As the suspect was leaving in a white pickup truck, the woman saw him drop something on the ground. The woman told police the suspect was wearing a condom with a rainbow-colored wrapper during the incident, which police later confiscated and tested for DNA, according to the affidavit.
In March, Bissette said no one had been charged in the 2016 case, but investigators had been in contact with authorities in Washington regarding the DNA link. He said investigators “will continue to work closely with Washington state law enforcement to continue investigating the 2016 case in Waterbury, Connecticut, and hopefully bring closure to the victim of the incident.”
Bissette also noted that despite identifying as a police officer, Amicia was never employed by the Waterbury Police Department.
In Washington’s case, Pierce County Sheriff’s Department deputies were called to a home in Tacoma, Washington, around 1:30 a.m. on October 7 for a reported rape. A woman initially told police she agreed to meet a man she met on a dating app. The suspect, later identified as Amicia, allegedly picked up the woman from her home in his white pickup truck and parked his vehicle a block away.
The woman said Amicia “was very serious and aggressive, which made her uncomfortable.” Amicia allegedly asked the woman to take off her clothes and sexually assaulted her, according to the arrest warrant.
The woman told police that Amicia “forced her out of the truck” and used her phone’s flashlight to read the license plate. The license plate matches Amicia’s vehicle’s registration, a 2014 Dodge Ram, police said in the warrant.
The woman then went to the hospital for a sexual assault examination, which deputies presented into evidence the next day. The Washington State Patrol Crime Laboratory confirmed the presence of male DNA on various swabs obtained from the group. The DNA was then entered into the Combined DNA Index System, or CODIS, and “was declared a match to an unrelated 2016 rape case from Waterbury,” the affidavit said.

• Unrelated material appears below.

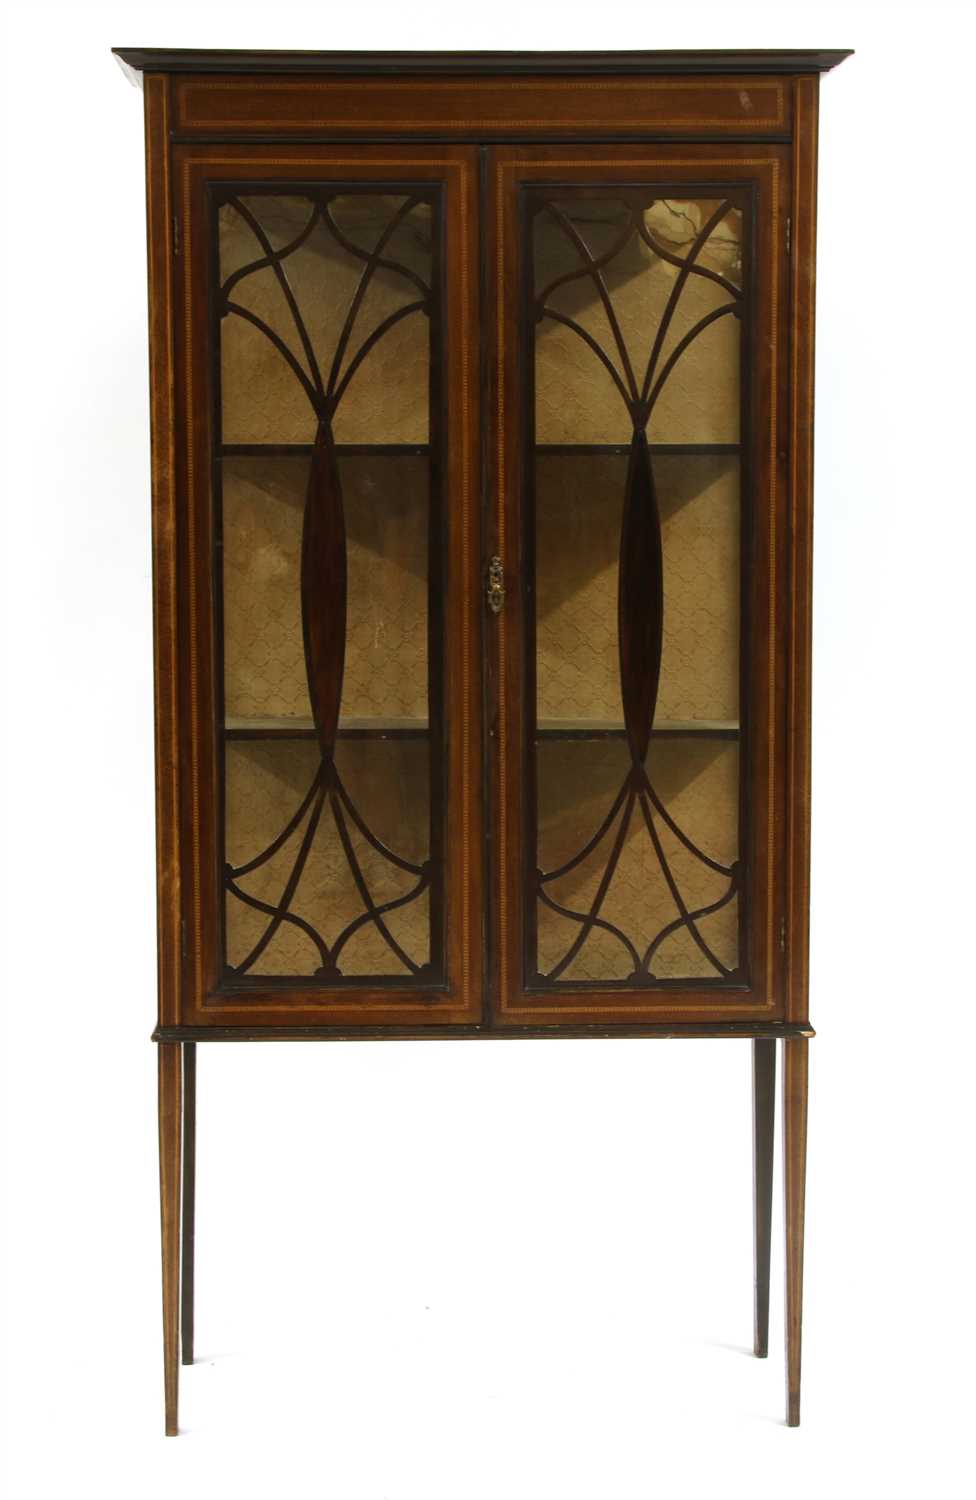 Lot 269 - An Edwardian inlaid mahogany display cabinet

In a subsequent interview on February 28, the woman told police she was a sex worker and agreed to spend 30 minutes with the suspect in exchange for $400. She also told the suspect he needed to bring a condom, according to the warrant.
On Oct. 7, Amiccia allegedly drove the two to a nearby street and told the woman he did not have a condom. The woman said she wouldn’t have sex with him without a condom, and he replied “they would have sex regardless and ordered her to take off her clothes,” according to the warrant.
The woman stated that Amicia was aggressive and that she was “afraid of what would happen to her if she did not do what she was told,” the warrant states.
The woman gave police two numbers that the suspect used to send her text messages, according to the warrant. During the investigation, police looked at Amicia’s Facebook page, which contained several posts about a white Dodge Ram, including one in 2014 that showed the truck with Connecticut license plates, the arrest warrant said.
As part of the investigation, police also looked at Amicia’s cellphone records, which contained data consistent with him being at the site of the alleged rape at 12:45 a.m. on Oct. 7, according to the arrest warrant.
Amicia was taken into custody on March 2. Police also confiscated his pickup truck, the warrant states.
In a statement to the police, Amicia said that “his relationship with his wife was not good, and that he had sex with many prostitutes, but he did not force himself on anyone.”
Amiccia said in the interview that he lived in Middletown, Connecticut, before moving to Washington state. Records show Amicia is licensed as an electrician in Connecticut, allowing him to work as an electrical contractor for an approved employer.
When they were told that DNA in the sexual assault kit matched the Waterbury incident, she said she was another “sex worker” and he “wasn’t interested in restraining people,” police said in the arrest warrant.
Those who have experienced sexual violence can talk to professionals for support, information, counseling or referral by calling the free and confidential National Sexual Assault Hotline at 800-656-HOPE (4673). Those who want to chat online with trained professionals, which is also free and confidential, can also go to RAINN.org/Get-Help. Help is available 24/7.